Input data

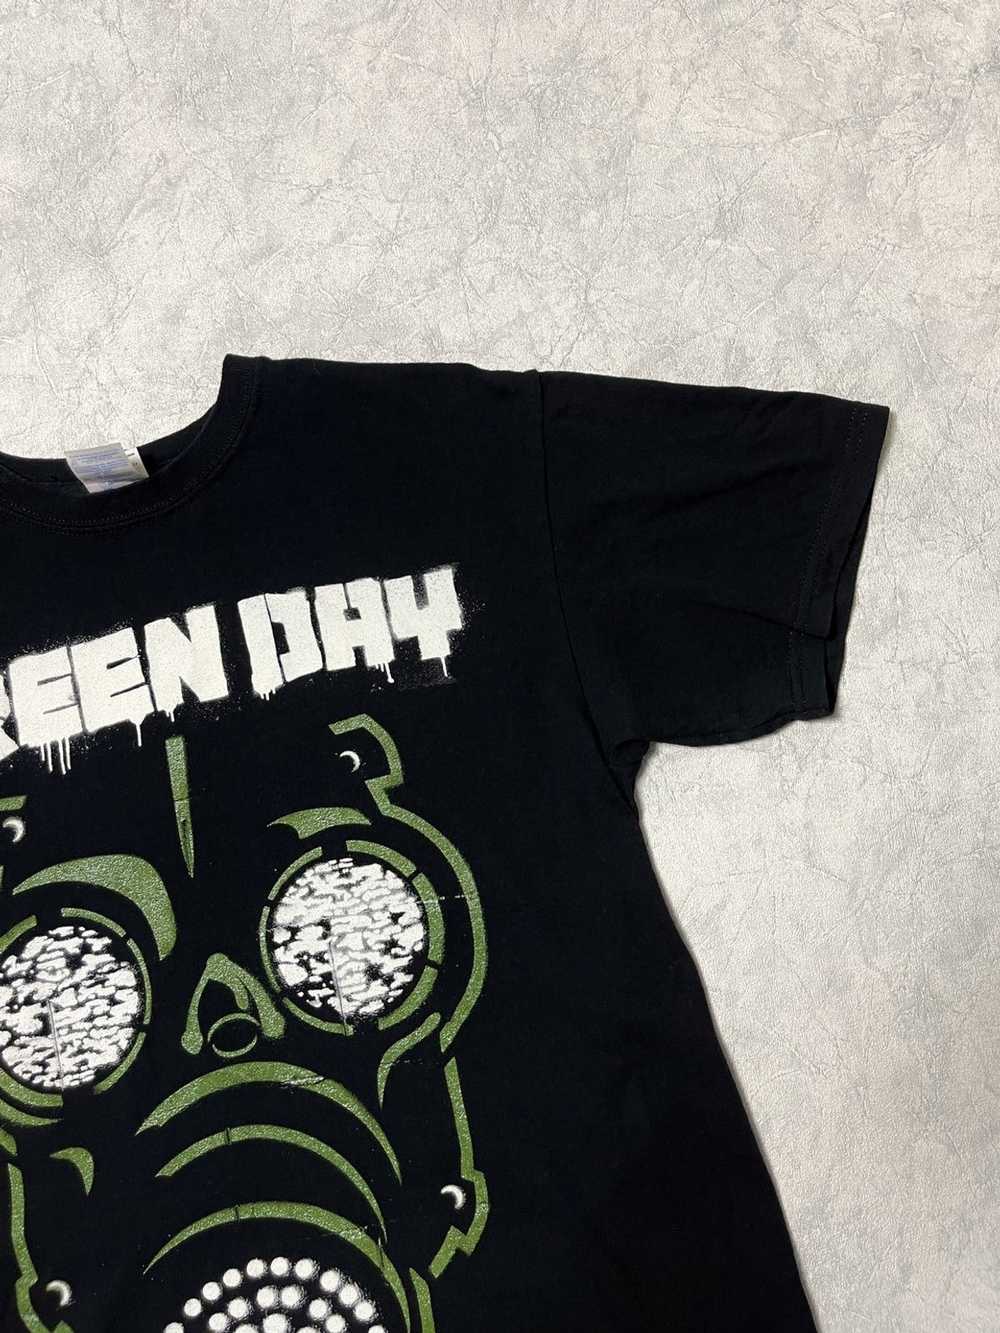 Band Tees × Vintage 2010 Green Day Band T-shirt - image 3
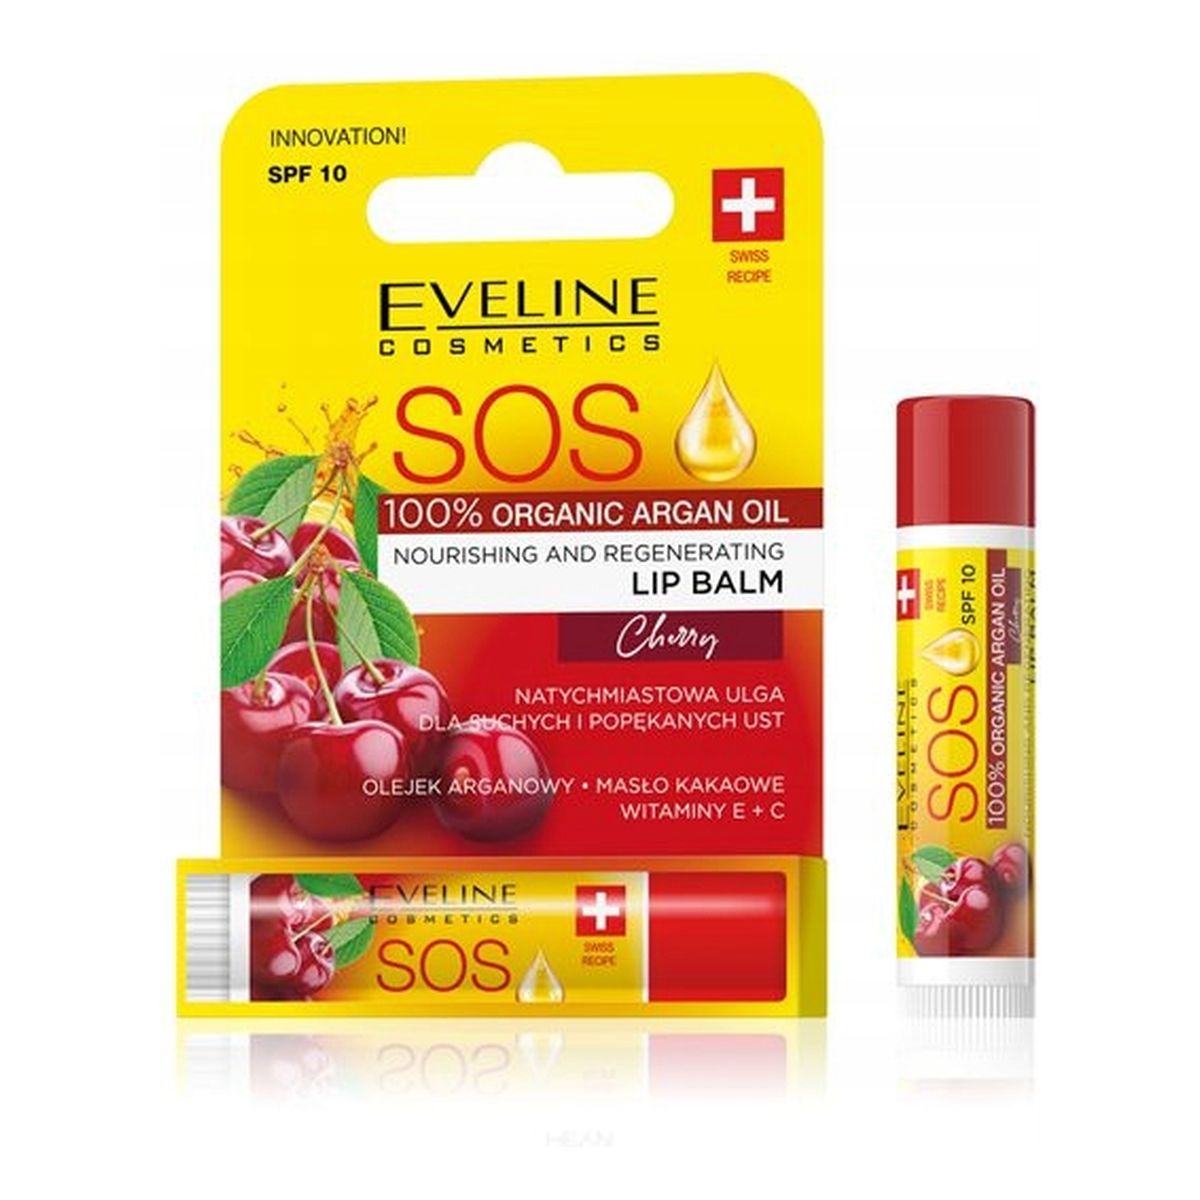 Altruist Dermatologist Sunscreen SPF 50 Krem przeciwsłoneczny ochronny z filtrami + Eveline Balsam do ust Cherry
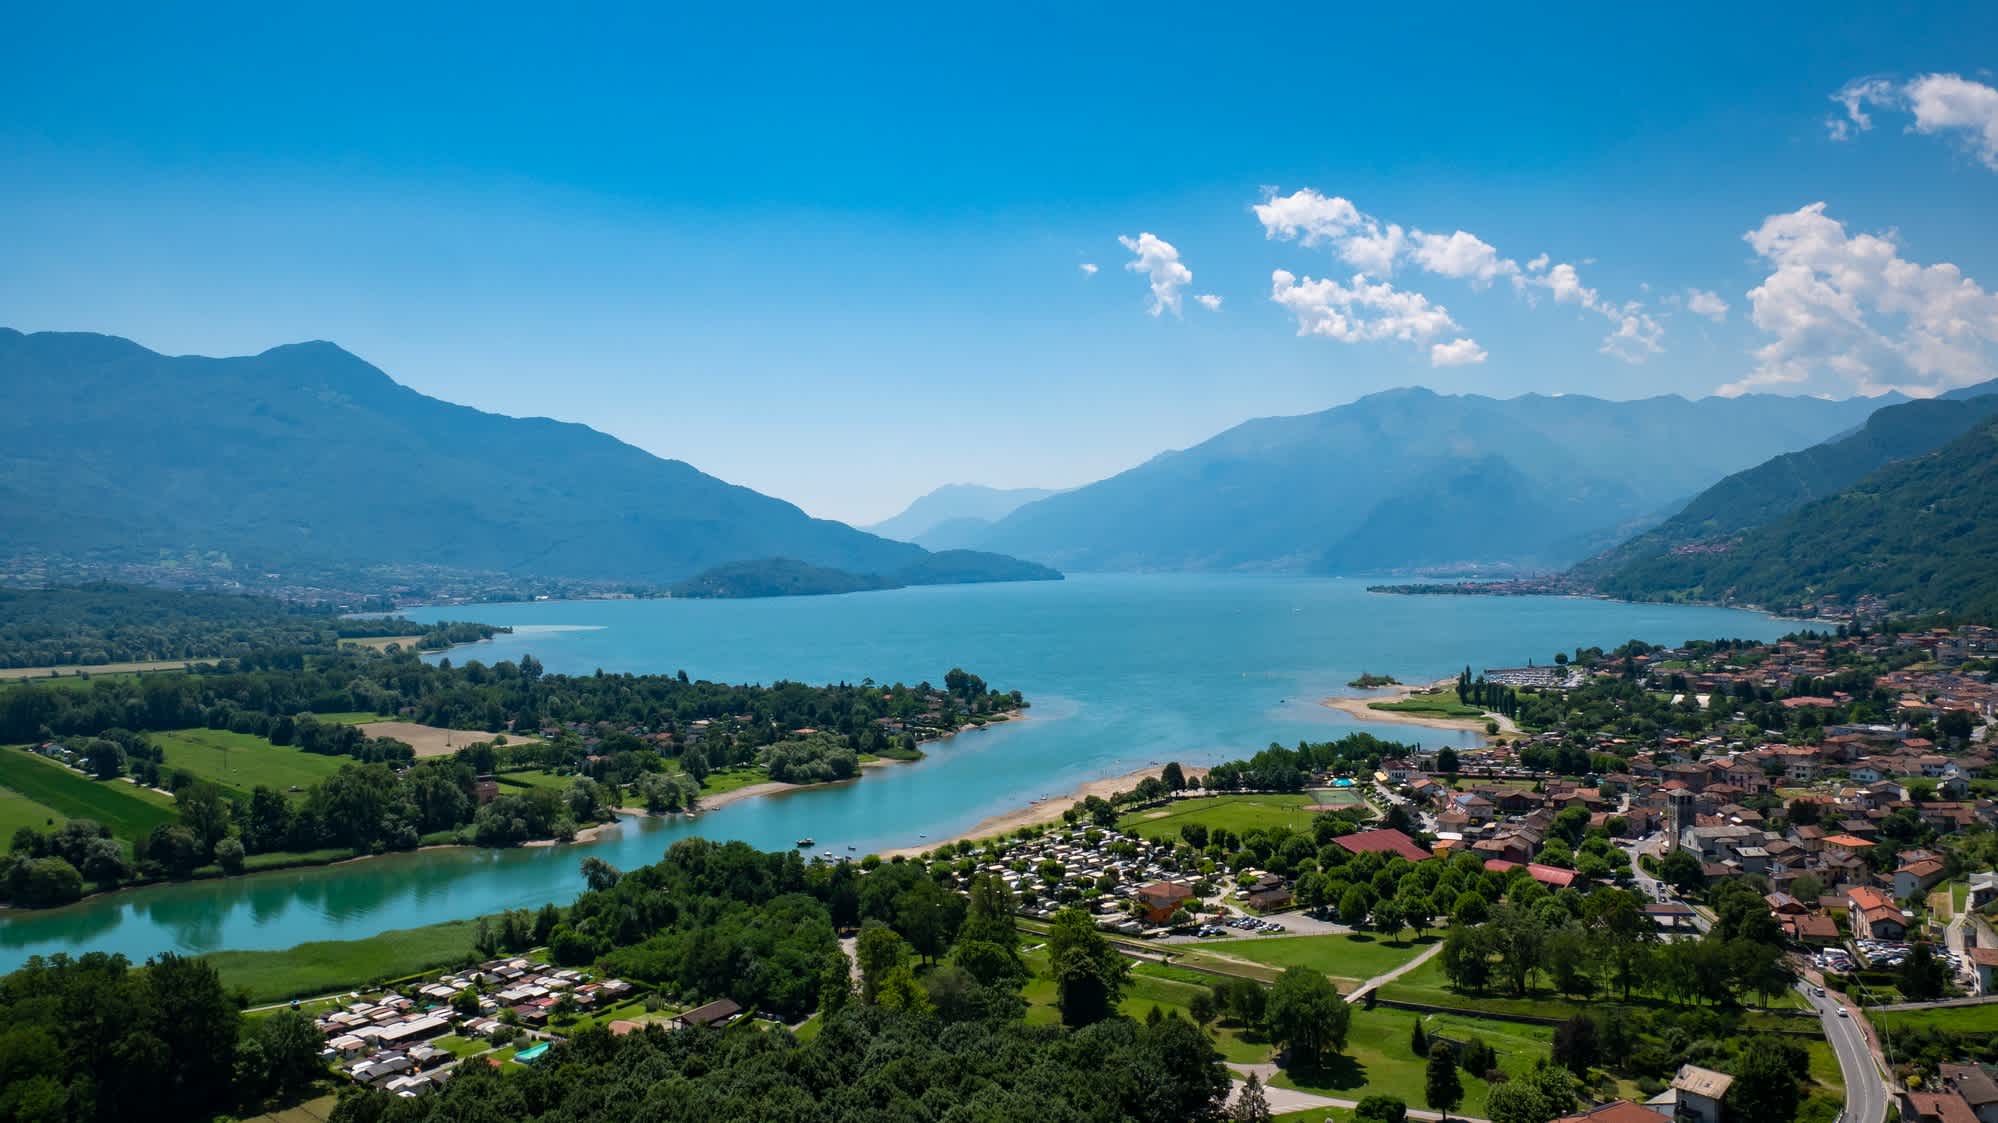 Paysage du lac de Côme depuis le village de Sorico, en Lombardie, en Italie.

Exercise directions
Would you copy out all the data exactly, without the images?

Answer section
 Band Tees × Vintage 2010 Green Day Band T-shirt - image 3
 Altruist Dermatologist Sunscreen SPF 50 Krem przeciwsłoneczny ochronny z filtrami + Eveline Balsam do ust Cherry
 Paysage du lac de Côme depuis le village de Sorico, en Lombardie, en Italie.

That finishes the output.